Two particles of equal masses have velocities `vec v_1 = 4hati ms^(-1)` and `vec v_2 = 4hatj ms^(-1)`. First particle has an acceleration `vec a_1 = (5 hat i + 5 hat j) ms^(-2)`, while the acceleration of the other particle is zero.
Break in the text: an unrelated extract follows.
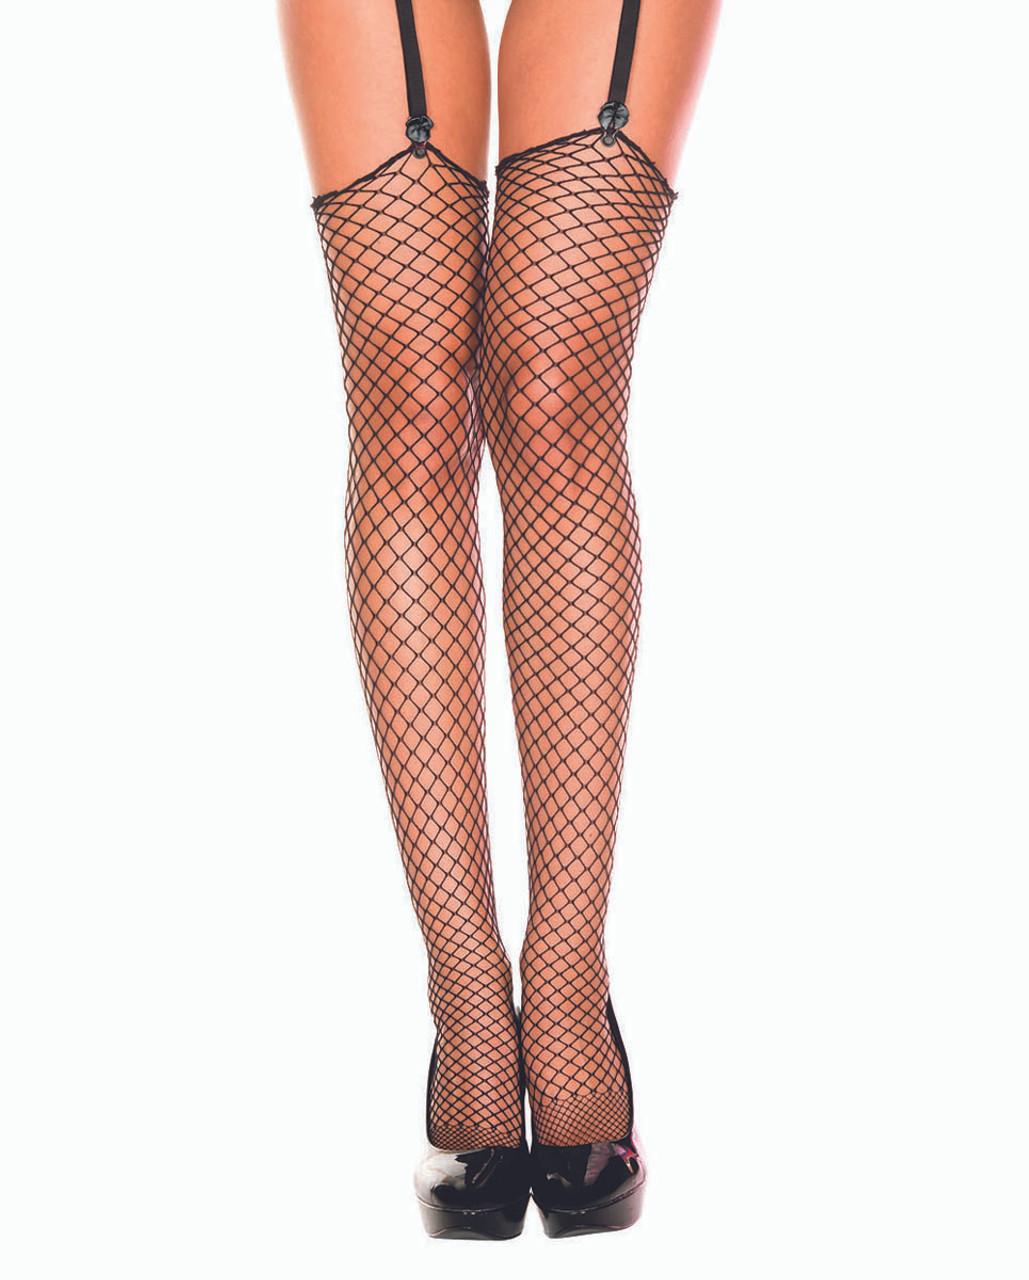 New Music Legs 4991Q Plus Size Fishnet Thigh High Stockings

The centre of mass of the two particles moves in a path of

To solve the problem, we need to find the path of the center of mass of two particles with given velocities and accelerations. ### Step-by-Step Solution: 1. **Identify Given Data:** - For Particle 1: - Velocity: \(\vec{v_1} = 4 \hat{i} \, \text{m/s}\) - Acceleration: \(\vec{a_1} = 5 \hat{i} + 5 \hat{j} \, \text{m/s}^2\) - For Particle 2: - Velocity: \(\vec{v_2} = 4 \hat{j} \, \text{m/s}\) - Acceleration: \(\vec{a_2} = 0 \, \text{m/s}^2\) 2. **Calculate the Center of Mass Velocity (\(\vec{v_{cm}}\)):** - Since both particles have equal masses, we can use the formula for the velocity of the center of mass: \[ \vec{v_{cm}} = \frac{m_1 \vec{v_1} + m_2 \vec{v_2}}{m_1 + m_2} \] - Let \(m_1 = m_2 = m\): \[ \vec{v_{cm}} = \frac{m \vec{v_1} + m \vec{v_2}}{m + m} = \frac{\vec{v_1} + \vec{v_2}}{2} \] - Substitute the values: \[ \vec{v_{cm}} = \frac{4 \hat{i} + 4 \hat{j}}{2} = 2 \hat{i} + 2 \hat{j} \, \text{m/s} \] 3. **Calculate the Center of Mass Acceleration (\(\vec{a_{cm}}\)):** - The acceleration of the center of mass is given by: \[ \vec{a_{cm}} = \frac{\vec{a_1} + \vec{a_2}}{2} \] - Substitute the values: \[ \vec{a_{cm}} = \frac{(5 \hat{i} + 5 \hat{j}) + 0}{2} = \frac{5 \hat{i} + 5 \hat{j}}{2} = \frac{5}{2} \hat{i} + \frac{5}{2} \hat{j} \, \text{m/s}^2 \] 4. **Determine the Path of the Center of Mass:** - Since the center of mass has a constant acceleration \(\vec{a_{cm}}\) and its velocity \(\vec{v_{cm}}\) is also constant, the center of mass will move in a straight line. - The direction of the motion can be determined from the acceleration vector, which is in the direction of \(\hat{i} + \hat{j}\). 5. **Conclusion:** - The center of mass of the two particles moves in a straight line.